> Brief
Both the line with "2019年PSA全球销量情况" and the line with "Quisocala Condori, un" in the records below must appear in the output, along with every line between them, exactly and with nothing added.

(Items from a data source)

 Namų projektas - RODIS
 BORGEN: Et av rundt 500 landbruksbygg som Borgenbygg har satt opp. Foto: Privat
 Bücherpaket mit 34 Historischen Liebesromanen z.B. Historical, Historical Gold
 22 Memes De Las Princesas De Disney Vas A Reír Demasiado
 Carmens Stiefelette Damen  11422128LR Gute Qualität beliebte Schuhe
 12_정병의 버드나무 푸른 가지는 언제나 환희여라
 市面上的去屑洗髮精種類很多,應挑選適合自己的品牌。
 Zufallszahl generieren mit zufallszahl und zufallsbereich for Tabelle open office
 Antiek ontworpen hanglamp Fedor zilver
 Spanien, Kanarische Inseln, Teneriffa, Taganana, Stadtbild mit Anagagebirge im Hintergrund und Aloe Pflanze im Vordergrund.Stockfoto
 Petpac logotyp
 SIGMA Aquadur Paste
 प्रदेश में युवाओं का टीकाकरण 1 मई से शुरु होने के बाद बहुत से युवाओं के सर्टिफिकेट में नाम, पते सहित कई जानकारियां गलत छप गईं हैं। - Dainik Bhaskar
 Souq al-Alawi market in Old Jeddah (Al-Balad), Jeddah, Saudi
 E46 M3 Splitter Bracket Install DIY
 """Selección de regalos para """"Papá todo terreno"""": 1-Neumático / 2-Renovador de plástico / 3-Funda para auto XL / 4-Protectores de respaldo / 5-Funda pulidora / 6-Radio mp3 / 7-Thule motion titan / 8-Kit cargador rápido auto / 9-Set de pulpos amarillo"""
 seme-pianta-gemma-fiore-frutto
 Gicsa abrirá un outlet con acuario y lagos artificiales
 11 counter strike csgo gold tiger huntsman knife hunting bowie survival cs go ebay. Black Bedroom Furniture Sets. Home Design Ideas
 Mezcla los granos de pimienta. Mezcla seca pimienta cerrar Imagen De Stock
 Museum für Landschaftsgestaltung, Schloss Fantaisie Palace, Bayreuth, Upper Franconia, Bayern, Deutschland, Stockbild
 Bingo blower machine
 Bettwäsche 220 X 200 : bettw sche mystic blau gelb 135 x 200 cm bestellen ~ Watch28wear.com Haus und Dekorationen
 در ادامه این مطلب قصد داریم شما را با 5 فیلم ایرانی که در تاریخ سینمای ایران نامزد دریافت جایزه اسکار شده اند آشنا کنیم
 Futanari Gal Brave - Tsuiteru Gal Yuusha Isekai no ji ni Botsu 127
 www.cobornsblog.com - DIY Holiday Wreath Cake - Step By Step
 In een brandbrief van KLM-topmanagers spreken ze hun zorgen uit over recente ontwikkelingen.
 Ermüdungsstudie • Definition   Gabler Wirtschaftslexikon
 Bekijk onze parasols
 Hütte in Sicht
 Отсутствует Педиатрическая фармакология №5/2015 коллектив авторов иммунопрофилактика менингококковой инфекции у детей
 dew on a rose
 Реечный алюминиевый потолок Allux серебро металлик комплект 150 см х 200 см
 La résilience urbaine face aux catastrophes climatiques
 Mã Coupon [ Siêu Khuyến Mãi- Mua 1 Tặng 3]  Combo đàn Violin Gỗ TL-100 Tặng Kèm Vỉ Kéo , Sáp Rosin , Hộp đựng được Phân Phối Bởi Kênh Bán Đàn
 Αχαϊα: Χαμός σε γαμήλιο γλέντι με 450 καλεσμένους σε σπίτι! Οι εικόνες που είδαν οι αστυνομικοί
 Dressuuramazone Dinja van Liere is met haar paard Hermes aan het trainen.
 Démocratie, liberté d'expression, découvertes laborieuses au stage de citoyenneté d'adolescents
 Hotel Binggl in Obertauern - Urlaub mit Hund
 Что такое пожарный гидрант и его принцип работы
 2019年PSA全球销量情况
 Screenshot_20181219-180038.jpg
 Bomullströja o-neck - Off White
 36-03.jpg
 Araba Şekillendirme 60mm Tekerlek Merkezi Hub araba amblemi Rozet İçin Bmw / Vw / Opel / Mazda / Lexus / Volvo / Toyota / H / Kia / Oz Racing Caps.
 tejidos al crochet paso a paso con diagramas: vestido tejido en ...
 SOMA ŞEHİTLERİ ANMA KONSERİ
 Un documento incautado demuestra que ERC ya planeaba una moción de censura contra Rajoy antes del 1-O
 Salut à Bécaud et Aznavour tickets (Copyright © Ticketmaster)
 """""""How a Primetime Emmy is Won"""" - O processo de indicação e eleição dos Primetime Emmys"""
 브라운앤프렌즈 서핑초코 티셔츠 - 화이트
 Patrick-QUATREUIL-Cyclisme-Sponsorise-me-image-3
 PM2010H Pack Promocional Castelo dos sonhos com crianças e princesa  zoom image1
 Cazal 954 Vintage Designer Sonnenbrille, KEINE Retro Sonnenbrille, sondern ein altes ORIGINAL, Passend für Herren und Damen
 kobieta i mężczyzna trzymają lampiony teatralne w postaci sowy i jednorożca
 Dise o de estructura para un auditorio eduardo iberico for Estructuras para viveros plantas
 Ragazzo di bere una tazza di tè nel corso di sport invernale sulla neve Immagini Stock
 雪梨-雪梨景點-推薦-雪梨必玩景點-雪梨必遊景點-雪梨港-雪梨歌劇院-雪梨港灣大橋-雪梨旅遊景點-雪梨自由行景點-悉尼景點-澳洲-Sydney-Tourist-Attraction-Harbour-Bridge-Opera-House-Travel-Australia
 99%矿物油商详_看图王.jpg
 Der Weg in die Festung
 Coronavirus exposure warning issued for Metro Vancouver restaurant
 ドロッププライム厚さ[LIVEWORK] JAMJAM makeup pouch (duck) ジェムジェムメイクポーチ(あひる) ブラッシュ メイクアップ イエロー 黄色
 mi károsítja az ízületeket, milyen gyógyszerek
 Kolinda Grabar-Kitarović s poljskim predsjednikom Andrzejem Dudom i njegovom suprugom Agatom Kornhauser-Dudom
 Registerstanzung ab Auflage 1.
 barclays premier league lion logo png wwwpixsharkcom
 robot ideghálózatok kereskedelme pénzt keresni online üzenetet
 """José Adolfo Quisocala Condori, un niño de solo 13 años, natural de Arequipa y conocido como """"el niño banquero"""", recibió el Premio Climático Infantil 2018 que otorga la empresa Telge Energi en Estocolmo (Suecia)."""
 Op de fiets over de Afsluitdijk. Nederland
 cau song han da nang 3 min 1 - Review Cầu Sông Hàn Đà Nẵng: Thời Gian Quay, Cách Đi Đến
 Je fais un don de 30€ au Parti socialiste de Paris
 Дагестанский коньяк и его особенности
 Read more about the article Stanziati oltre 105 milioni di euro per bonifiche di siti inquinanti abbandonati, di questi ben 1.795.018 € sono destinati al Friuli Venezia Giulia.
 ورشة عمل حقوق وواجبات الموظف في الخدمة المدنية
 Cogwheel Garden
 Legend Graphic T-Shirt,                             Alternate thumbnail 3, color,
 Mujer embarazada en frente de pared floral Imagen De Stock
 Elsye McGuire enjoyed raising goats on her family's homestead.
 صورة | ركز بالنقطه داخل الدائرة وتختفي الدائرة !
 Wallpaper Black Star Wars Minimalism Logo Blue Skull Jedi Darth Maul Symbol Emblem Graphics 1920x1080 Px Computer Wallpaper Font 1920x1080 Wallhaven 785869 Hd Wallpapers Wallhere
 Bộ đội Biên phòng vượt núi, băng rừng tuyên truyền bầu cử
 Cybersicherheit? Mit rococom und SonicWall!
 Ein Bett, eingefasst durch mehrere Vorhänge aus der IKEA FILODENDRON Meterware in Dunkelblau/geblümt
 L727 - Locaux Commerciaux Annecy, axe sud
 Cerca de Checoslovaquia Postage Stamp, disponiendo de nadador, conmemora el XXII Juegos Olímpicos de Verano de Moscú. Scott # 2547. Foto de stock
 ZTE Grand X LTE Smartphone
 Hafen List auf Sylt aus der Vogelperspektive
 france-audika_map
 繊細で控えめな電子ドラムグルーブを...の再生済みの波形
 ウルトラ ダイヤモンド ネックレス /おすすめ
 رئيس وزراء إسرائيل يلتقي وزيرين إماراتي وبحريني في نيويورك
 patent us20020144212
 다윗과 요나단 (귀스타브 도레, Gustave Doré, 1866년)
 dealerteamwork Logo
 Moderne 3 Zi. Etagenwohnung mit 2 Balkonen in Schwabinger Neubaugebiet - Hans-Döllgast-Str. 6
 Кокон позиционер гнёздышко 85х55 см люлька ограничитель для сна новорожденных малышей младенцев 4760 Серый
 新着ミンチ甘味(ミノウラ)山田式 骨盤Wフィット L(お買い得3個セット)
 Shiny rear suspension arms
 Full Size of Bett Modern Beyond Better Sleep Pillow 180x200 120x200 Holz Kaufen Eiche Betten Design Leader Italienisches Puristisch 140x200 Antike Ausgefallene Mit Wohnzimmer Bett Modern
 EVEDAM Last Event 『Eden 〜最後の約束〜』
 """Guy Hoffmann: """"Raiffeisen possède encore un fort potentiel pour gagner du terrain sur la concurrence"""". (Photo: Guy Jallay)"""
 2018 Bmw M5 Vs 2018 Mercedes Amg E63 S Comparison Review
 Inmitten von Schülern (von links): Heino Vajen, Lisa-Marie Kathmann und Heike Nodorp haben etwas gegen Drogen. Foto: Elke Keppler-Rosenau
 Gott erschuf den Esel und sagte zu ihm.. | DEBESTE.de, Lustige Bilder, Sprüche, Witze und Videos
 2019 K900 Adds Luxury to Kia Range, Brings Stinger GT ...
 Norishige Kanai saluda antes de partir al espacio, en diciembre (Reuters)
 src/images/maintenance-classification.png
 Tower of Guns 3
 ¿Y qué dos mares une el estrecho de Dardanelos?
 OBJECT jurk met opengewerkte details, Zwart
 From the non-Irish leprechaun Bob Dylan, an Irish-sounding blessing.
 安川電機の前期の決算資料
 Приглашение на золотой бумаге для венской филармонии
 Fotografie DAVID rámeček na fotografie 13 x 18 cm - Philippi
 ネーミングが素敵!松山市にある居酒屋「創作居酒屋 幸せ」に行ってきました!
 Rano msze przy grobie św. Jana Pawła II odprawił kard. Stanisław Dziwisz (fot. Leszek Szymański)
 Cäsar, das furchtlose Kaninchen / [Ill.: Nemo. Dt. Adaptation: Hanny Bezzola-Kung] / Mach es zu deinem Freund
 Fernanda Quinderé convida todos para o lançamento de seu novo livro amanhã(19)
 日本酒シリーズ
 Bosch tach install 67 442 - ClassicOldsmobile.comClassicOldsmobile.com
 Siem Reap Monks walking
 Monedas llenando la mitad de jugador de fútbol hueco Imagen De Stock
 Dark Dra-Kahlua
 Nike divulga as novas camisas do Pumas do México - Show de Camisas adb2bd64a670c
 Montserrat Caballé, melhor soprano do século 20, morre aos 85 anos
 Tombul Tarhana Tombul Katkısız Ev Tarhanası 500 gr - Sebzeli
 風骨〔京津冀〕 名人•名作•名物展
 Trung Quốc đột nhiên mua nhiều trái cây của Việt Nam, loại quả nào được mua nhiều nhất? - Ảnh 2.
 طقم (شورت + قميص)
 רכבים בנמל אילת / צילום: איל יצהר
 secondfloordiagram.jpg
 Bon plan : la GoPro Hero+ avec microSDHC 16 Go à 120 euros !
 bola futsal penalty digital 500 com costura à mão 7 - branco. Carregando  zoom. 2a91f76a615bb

> Response to the exercise
 2019年PSA全球销量情况
 Screenshot_20181219-180038.jpg
 Bomullströja o-neck - Off White
 36-03.jpg
 Araba Şekillendirme 60mm Tekerlek Merkezi Hub araba amblemi Rozet İçin Bmw / Vw / Opel / Mazda / Lexus / Volvo / Toyota / H / Kia / Oz Racing Caps.
 tejidos al crochet paso a paso con diagramas: vestido tejido en ...
 SOMA ŞEHİTLERİ ANMA KONSERİ
 Un documento incautado demuestra que ERC ya planeaba una moción de censura contra Rajoy antes del 1-O
 Salut à Bécaud et Aznavour tickets (Copyright © Ticketmaster)
 """""""How a Primetime Emmy is Won"""" - O processo de indicação e eleição dos Primetime Emmys"""
 브라운앤프렌즈 서핑초코 티셔츠 - 화이트
 Patrick-QUATREUIL-Cyclisme-Sponsorise-me-image-3
 PM2010H Pack Promocional Castelo dos sonhos com crianças e princesa  zoom image1
 Cazal 954 Vintage Designer Sonnenbrille, KEINE Retro Sonnenbrille, sondern ein altes ORIGINAL, Passend für Herren und Damen
 kobieta i mężczyzna trzymają lampiony teatralne w postaci sowy i jednorożca
 Dise o de estructura para un auditorio eduardo iberico for Estructuras para viveros plantas
 Ragazzo di bere una tazza di tè nel corso di sport invernale sulla neve Immagini Stock
 雪梨-雪梨景點-推薦-雪梨必玩景點-雪梨必遊景點-雪梨港-雪梨歌劇院-雪梨港灣大橋-雪梨旅遊景點-雪梨自由行景點-悉尼景點-澳洲-Sydney-Tourist-Attraction-Harbour-Bridge-Opera-House-Travel-Australia
 99%矿物油商详_看图王.jpg
 Der Weg in die Festung
 Coronavirus exposure warning issued for Metro Vancouver restaurant
 ドロッププライム厚さ[LIVEWORK] JAMJAM makeup pouch (duck) ジェムジェムメイクポーチ(あひる) ブラッシュ メイクアップ イエロー 黄色
 mi károsítja az ízületeket, milyen gyógyszerek
 Kolinda Grabar-Kitarović s poljskim predsjednikom Andrzejem Dudom i njegovom suprugom Agatom Kornhauser-Dudom
 Registerstanzung ab Auflage 1.
 barclays premier league lion logo png wwwpixsharkcom
 robot ideghálózatok kereskedelme pénzt keresni online üzenetet
 """José Adolfo Quisocala Condori, un niño de solo 13 años, natural de Arequipa y conocido como """"el niño banquero"""", recibió el Premio Climático Infantil 2018 que otorga la empresa Telge Energi en Estocolmo (Suecia)."""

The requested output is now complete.